Legal
Privacy Policy
Effective 17 February 2026 · DocSnippet LLC
DocSnippet LLC ("DocSnippet", "we", "us") operates the DocSnippet service at docsnippet.com. This policy explains what personal data we collect, why we collect it, and your rights under UK data protection law (UK GDPR and the Data Protection Act 2018).

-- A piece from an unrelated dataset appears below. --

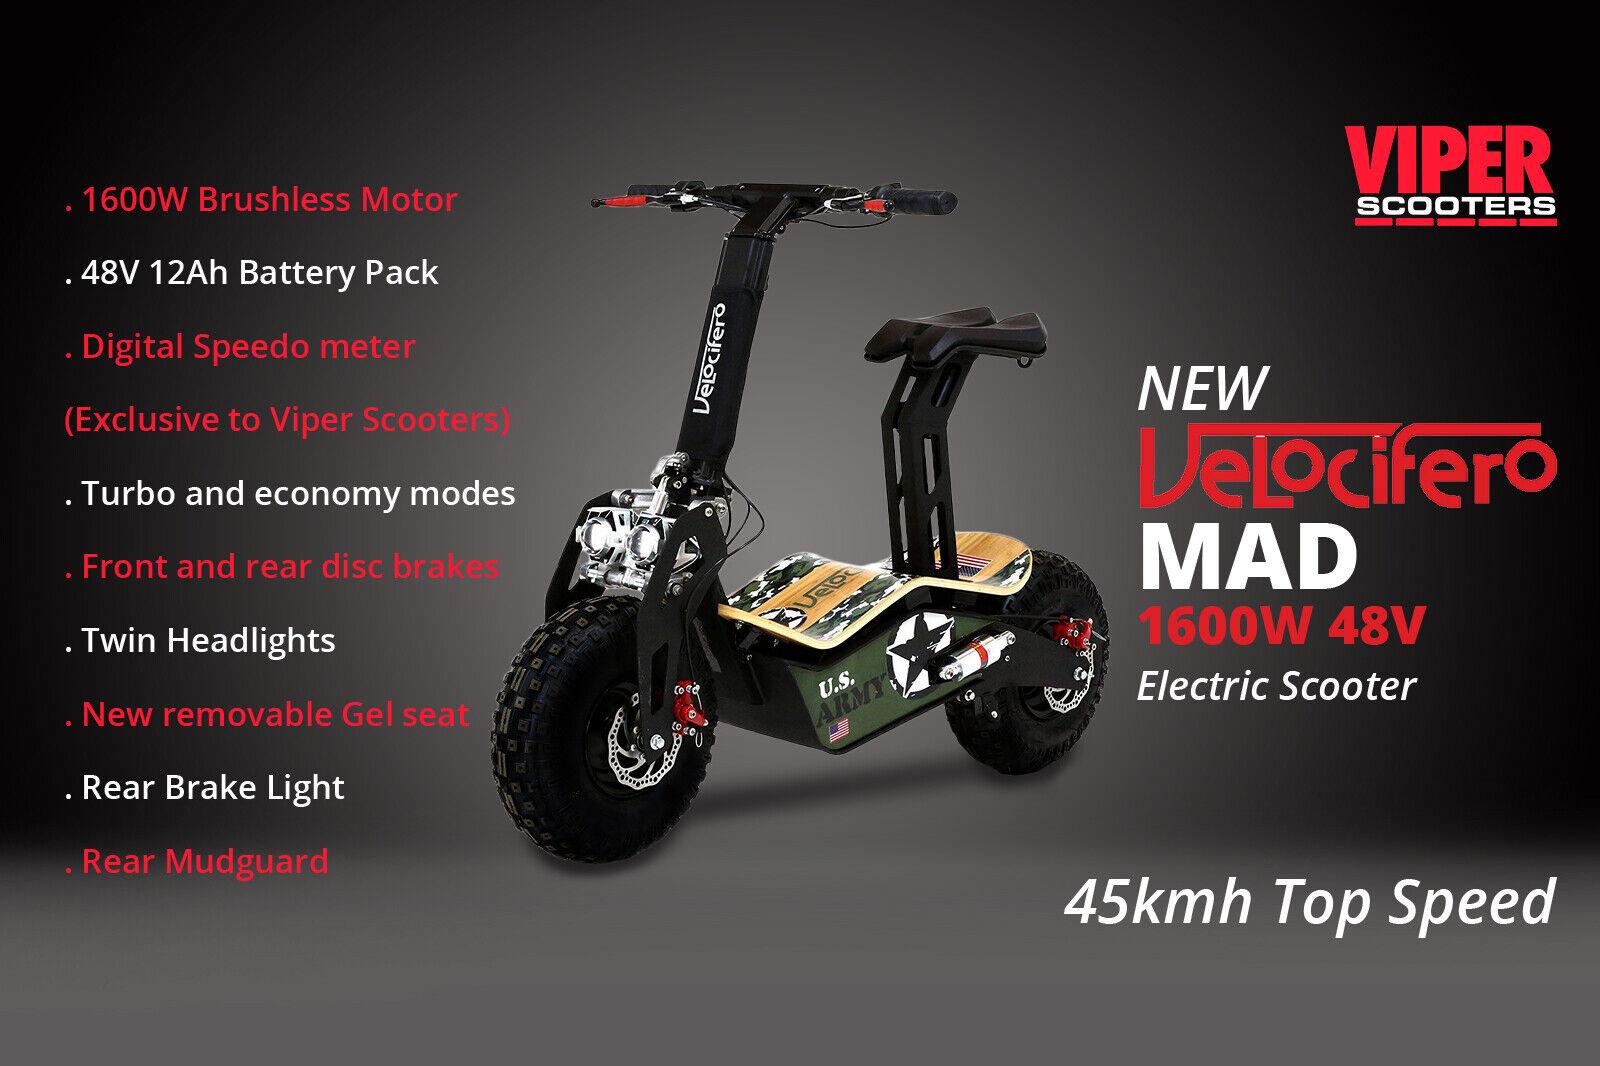 Nuevo Modelo 2019, Velocifero Mad 1600W 48V scooter eléctrico, ejército vs

Questions? Email privacy@docsnippet.com.
1. Data we collect
Account data
When you sign in via GitHub or Google we receive your name, email address, profile picture URL, and a provider-issued user identifier. We store these to create and maintain your account.
Session data
We issue a session token stored in an HttpOnly cookie. The token is hashed with SHA-256 before
being written to our database — we never store the plaintext token.
API keys
When you generate an API key, we store a SHA-256 hash and the first 12 characters (prefix) for display. The full plaintext key is shown once at creation and never recorded. We also store the key's name, creation timestamp, and the last date it was used.
Usage data
We record the number of API calls you make each day, broken down by tool (e.g. search_docs, read_url). This is used to enforce free-tier limits and show you your usage history in the dashboard.
Payment data
Subscription billing is handled by Stripe. We store your Stripe customer ID to link your account to your subscription. We do not store card numbers, CVVs, or bank details — Stripe holds those under their own privacy policy.
Rate-limiting data
For unauthenticated requests we use your IP address to enforce a daily call limit. The IP address is hashed with SHA-256 before storage and the hash is automatically deleted within 48 hours.
2. How we use your data
| Purpose | Lawful basis |
|---|---|
| Providing, operating, and improving the service | Performance of contract (UK GDPR Art. 6(1)(b)) |
| Processing subscription payments | Performance of contract (Art. 6(1)(b)) |
| Enforcing usage limits and preventing abuse | Legitimate interests (Art. 6(1)(f)) |
| Security, fraud prevention, and debugging | Legitimate interests (Art. 6(1)(f)) |
| Compliance with legal obligations | Legal obligation (Art. 6(1)(c)) |
3. Third-party processors
| Processor | Purpose | Location |
|---|---|---|
| GitHub | OAuth authentication | USA (SCCs) |
| OAuth authentication | USA (SCCs) | |
| Stripe | Payment processing | USA / UK (SCCs / adequacy) |
| Cloudflare | Infrastructure, CDN, database (D1), serverless compute | USA / EEA (SCCs) |
All international transfers are governed by UK-approved Standard Contractual Clauses or an adequacy decision where applicable. We do not sell your data to third parties.
4. Data retention
| Data type | Retention period |
|---|---|
| Account data (name, email, avatar) | Until you request deletion |
| Sessions | 30 days from creation, or until logout |
| API keys (hashed) | Until revoked; revoked keys purged on account deletion |
| Daily usage records | 90 days |
| Rate-limit hashes (IP-based) | Up to 48 hours |
5. Cookies
We use two first-party cookies:
| Cookie | Purpose | Expiry |
|---|---|---|
ds_session | Authenticates your session. HttpOnly, Secure, SameSite=Lax. | 30 days |
ds_logged_in | Non-sensitive flag read by client-side JS to show "Dashboard" vs "Log in" in the navigation. Contains no personal data. | 30 days |
We do not use advertising, tracking, or analytics cookies. No third-party cookies are set by DocSnippet.
6. Your rights
Under UK GDPR you have the right to:
- Access — request a copy of the personal data we hold about you.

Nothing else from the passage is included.